Junior developers started self-reviewing against the AI's likely complaints. That sounds good — and partly it was. They caught their own unused imports and inconsistent patterns. But they also started writing overly defensive code to avoid AI comments. Null checks everywhere. Try-catch blocks wrapping code that couldn't throw. One developer told me he spent twenty minutes restructuring a perfectly readable function because "the bot would probably complain about the nesting depth."

The AI reviewer created a second audience for every PR, and that audience was more demanding and less nuanced than any human. Developers optimized for the tool's preferences, not for readability.

On the senior side, something else happened. Review quality from humans actually improved. With the mechanical stuff handled, senior reviewers stopped spending their time on formatting and naming and started leaving comments about data flow, error recovery strategies, and domain modeling. The median length of human review comments went up by about 30%, and they shifted from "rename this variable" to "this approach won't handle the retry case correctly."

The numbers, honestly

After three months:

  • PRs with at least one human-missed issue caught by AI: 23%
  • PRs where AI comments were all noise: 41%
  • Median time to first human review: down from 19 hours to 11 hours
  • Developer satisfaction with the tool (anonymous survey): 6.2 out of 10

That satisfaction score tells the story. Nobody hated it. Nobody loved it. It was a mild net positive wrapped in a significant amount of noise.

What I'd do differently

If I set this up again, I'd do two things from the start.

First, spend a day configuring the tool's rules before turning it on. Most AI review tools let you suppress categories of feedback. We didn't do this upfront because we wanted to "see what it finds." What it found was a thousand style opinions that poisoned the team's first impression.

Second, I'd frame it differently to the team. We introduced it as "an extra reviewer." That set expectations wrong. A better framing: it's a linter with opinions. Treat its output like you'd treat ESLint warnings — worth a glance, not worth agonizing over.

Note

The biggest ROI wasn't in what the AI caught — it was in freeing senior engineers to review what actually matters. If your review bottleneck is volume, not quality, that alone might justify the tool.

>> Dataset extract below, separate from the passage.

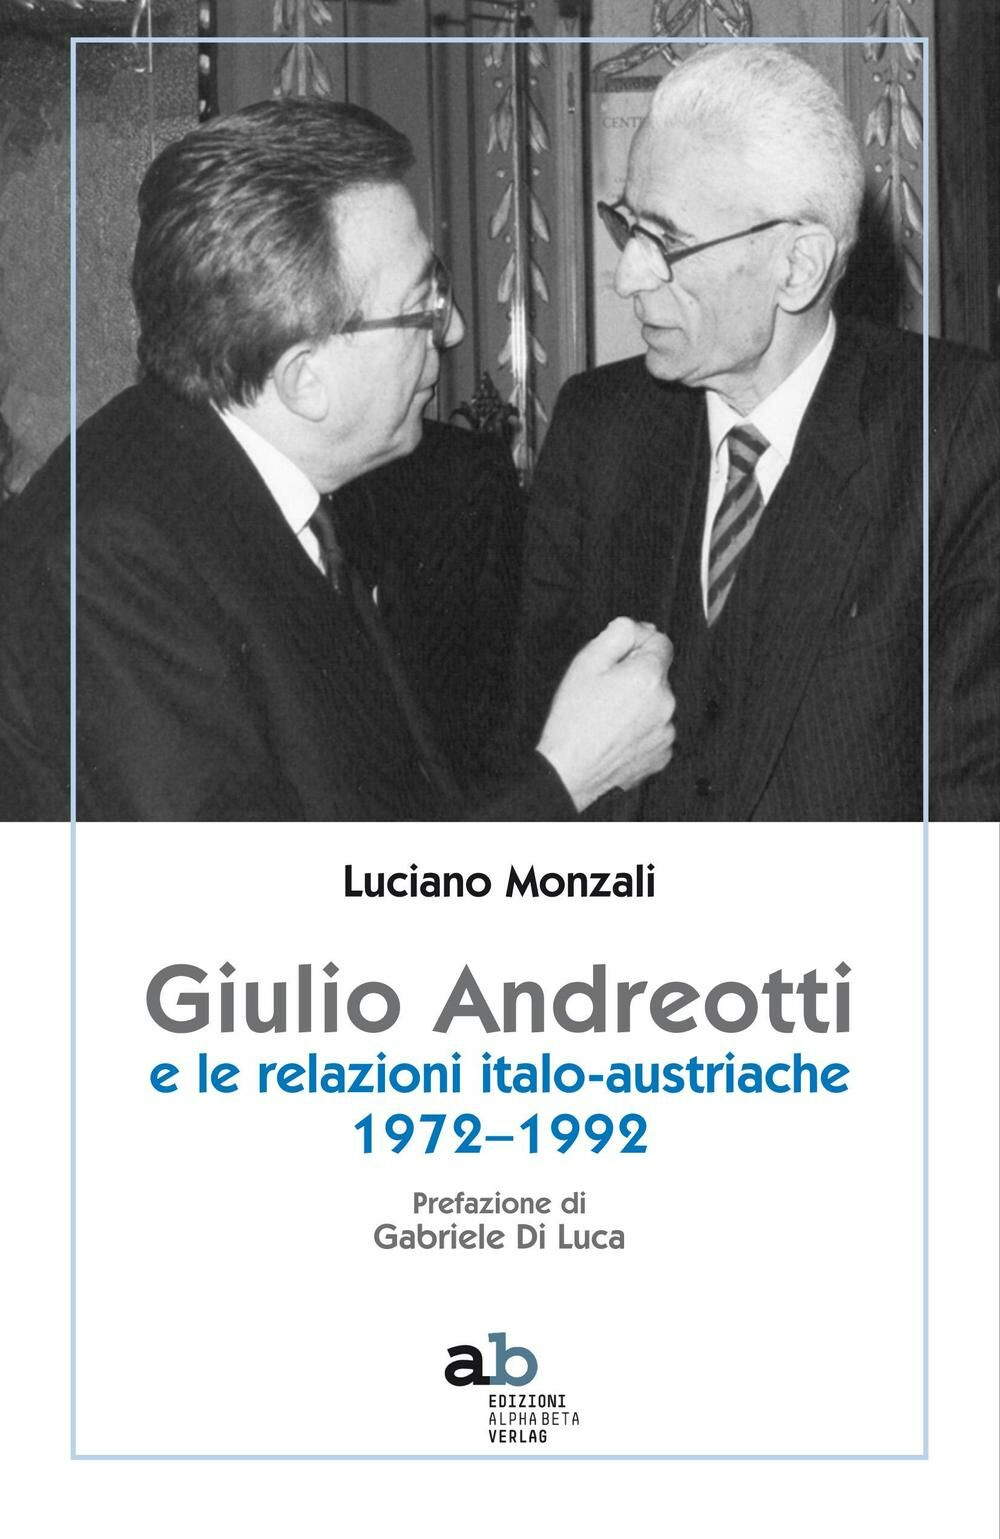 Giulio Andreotti e le relazioni italo-austriache 1972-1992

The uncomfortable question

The part I'm still chewing on: if 41% of PRs got nothing but noise from the AI, and developers started contorting their code to satisfy it, is the net effect really positive? The review time improvement was real. The security catch was real. But there's a cost to adding a voice to every conversation that's right just often enough that you can't ignore it.

I don't have a clean answer. The team decided to keep the tool but with heavy rule customization and a standing agreement that "the bot said so" is never a valid reason to change code. That feels about right — but I wonder how long that cultural norm holds once I'm not around to reinforce it.